Decía Fernando Simón que no había que “matar al mensajero”, horas después de volver a encontrarnos en estado de alarma cuando solo unos días antes había dicho que la situación estaba mejorando. Tiene razón. Bastante tiene con el “marrón” que le ha caído, compareciendo cada día ante una audiencia con las uñas sacadas, ávida de echar culpas a alguien ante la que nos está cayendo encima. Y creo, sinceramente, que Simón no la tiene.
Pero, si nos ponemos a exculpar, vamos a hacerlo bien. Empezando por la hostelería y el ocio en general, los grandes damnificados de esta crisis. Están siendo los primeros en los que las administraciones ponen el ojo cuando hay que cerrar algo porque la curva se descontrola, cuando bares y restaurantes son los que más han contribuido a tratar de apuntalar la fallida “nueva normalidad”. Han puesto mamparas, redistribuido mesas, comprado litros de desinfectante y gel hidroalcohólico, ampliado el mobiliario de sus terrazas, adaptado horarios… Todo para facturar la mitad que hace un año.
Pero les compensaba, porque necesitaban trabajar, después de tres meses cerrados a cal y canto y sin ingresar ni un céntimo. Pero todas esas medidas, cumplidas en la mayoría de los casos a rajatabla, de poco les han servido, ya que lo más fácil es obligarles a bajar la persiana una vez más, aunque los indicadores señalen que ni mucho menos es en esos entornos donde se producen el grueso de contagios.
Me imagino cómo debe sentirse el propietario de un bar que tiene que echar la llave a las once o, peor aún, cerrar directamente, cuando ve hordas de gente en los parques bebiendo en grupos sin respetar ningún tipo de medidas.
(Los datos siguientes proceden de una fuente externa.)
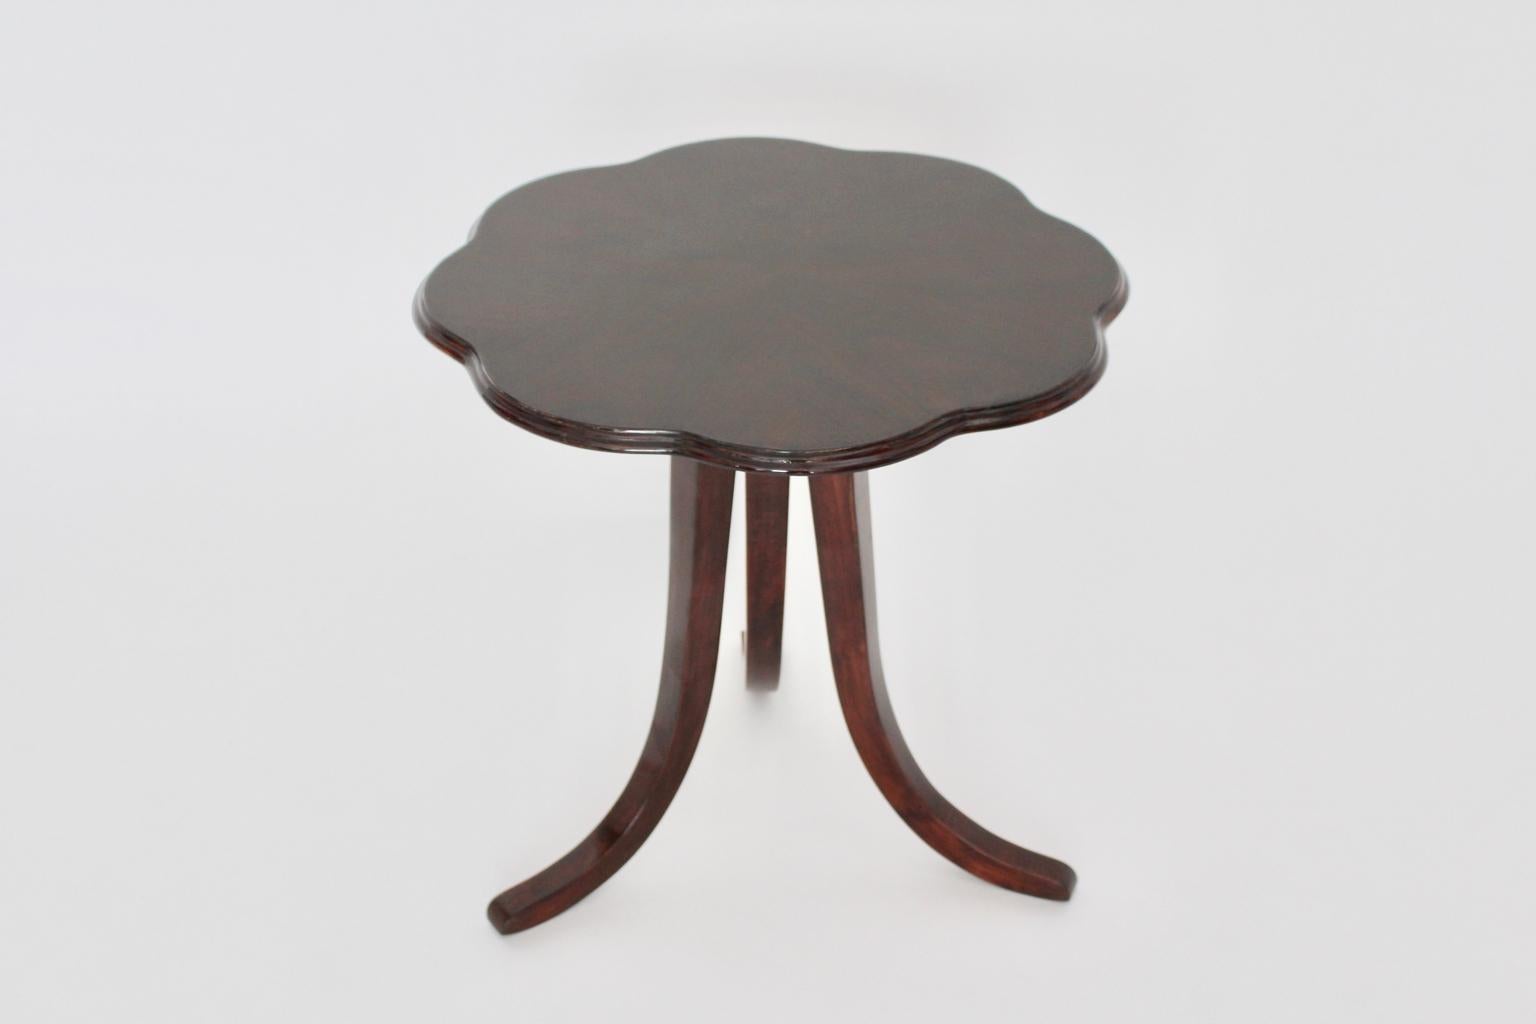 Art Deco Walnut Side Table or Coffee Table by Josef Frank for Thonet, circa 1925 For Sale 4

O cuando llega a casa, enciende la televisión, y se encuentra con la crónica de reuniones de políticos en las que se saltan a la torera todos los sacrificios que nos piden a los ciudadanos.
Porque nosotros, las personas que de verdad cargamos cada día con esta losa, también empezamos a estar hartos. De que se nos mienta, de que nos hagan vivir en la incertidumbre, de que se nos haga responsables de un desastre del que somos las primeras víctimas. Llevamos demasiados meses poniendo en juego nuestra salud, física y mental, así como nuestro futuro, para que de la noche a la mañana se nos vuelva a apagar la luz. Y eso es lo más peligroso de todo.
Porque llegará un momento en el que, cuando tengamos que decidir si comprar pan o leche, ya que no podemos permitirnos las dos cosas, dejemos de resignarnos. La Covid-19 es un enemigo duro, pero no pensábamos que tendría aliados.